Your task => Each line from the beginning of the entries below through the line that includes "2012-02-20, Evening Gazette" must be returned exactly as given.

Source material =>
* * *
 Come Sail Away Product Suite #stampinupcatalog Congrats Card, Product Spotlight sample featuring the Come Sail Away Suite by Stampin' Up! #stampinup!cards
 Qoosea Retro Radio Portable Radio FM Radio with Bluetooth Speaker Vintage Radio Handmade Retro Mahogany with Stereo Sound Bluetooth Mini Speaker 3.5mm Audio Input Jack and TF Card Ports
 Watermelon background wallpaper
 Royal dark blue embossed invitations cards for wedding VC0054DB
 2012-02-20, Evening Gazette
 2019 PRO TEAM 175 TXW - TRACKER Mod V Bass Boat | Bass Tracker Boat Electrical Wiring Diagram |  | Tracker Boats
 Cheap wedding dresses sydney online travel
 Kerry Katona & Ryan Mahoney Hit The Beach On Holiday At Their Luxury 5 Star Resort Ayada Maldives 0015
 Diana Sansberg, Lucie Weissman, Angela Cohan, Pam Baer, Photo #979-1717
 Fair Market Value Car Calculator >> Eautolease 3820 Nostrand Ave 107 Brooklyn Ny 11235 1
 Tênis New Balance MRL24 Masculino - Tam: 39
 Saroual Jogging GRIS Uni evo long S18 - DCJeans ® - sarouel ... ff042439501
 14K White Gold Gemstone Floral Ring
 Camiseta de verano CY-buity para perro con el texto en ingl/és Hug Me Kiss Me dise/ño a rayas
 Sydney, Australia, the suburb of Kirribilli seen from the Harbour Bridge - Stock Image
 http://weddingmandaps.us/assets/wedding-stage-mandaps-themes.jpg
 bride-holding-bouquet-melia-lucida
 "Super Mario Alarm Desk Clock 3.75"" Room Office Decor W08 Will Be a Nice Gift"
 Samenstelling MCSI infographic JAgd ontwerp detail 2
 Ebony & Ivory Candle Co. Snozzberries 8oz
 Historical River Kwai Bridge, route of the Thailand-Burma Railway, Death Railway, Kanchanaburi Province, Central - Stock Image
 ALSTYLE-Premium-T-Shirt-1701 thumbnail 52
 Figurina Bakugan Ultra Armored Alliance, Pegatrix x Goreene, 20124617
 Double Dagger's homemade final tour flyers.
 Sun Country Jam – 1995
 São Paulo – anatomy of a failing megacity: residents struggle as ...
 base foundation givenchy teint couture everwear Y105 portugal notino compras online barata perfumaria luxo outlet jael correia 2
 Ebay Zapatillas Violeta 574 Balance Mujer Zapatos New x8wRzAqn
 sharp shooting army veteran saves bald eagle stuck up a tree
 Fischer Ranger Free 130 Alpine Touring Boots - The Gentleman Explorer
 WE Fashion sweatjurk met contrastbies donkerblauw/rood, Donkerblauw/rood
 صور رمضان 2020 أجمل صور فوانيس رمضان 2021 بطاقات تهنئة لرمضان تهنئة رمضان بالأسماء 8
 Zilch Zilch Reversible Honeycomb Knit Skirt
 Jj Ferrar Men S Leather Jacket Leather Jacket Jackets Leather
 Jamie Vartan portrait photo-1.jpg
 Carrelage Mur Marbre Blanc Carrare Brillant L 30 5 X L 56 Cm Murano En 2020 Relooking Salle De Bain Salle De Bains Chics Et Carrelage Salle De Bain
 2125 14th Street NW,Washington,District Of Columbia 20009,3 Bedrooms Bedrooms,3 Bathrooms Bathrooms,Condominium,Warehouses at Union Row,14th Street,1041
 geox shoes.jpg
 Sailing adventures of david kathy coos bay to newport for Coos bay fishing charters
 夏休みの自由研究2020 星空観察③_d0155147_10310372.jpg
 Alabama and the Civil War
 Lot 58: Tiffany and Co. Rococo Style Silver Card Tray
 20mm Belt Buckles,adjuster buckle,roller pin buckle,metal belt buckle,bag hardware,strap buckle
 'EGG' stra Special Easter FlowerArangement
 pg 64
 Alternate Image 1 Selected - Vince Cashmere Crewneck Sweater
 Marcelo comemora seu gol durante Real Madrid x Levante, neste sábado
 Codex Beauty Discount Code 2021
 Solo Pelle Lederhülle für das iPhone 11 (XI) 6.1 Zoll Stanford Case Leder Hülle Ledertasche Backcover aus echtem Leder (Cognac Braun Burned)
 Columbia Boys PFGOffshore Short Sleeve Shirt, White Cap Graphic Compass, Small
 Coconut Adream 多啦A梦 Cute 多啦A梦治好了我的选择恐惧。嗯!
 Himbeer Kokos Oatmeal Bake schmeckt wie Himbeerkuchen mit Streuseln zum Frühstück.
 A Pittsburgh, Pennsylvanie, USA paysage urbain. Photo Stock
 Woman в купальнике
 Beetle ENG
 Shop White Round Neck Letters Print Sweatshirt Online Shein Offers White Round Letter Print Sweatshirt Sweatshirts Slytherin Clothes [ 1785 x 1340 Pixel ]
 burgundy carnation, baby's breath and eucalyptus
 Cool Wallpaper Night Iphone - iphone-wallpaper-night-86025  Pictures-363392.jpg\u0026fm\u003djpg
* * *
Output for this task =>
 Come Sail Away Product Suite #stampinupcatalog Congrats Card, Product Spotlight sample featuring the Come Sail Away Suite by Stampin' Up! #stampinup!cards
 Qoosea Retro Radio Portable Radio FM Radio with Bluetooth Speaker Vintage Radio Handmade Retro Mahogany with Stereo Sound Bluetooth Mini Speaker 3.5mm Audio Input Jack and TF Card Ports
 Watermelon background wallpaper
 Royal dark blue embossed invitations cards for wedding VC0054DB
 2012-02-20, Evening Gazette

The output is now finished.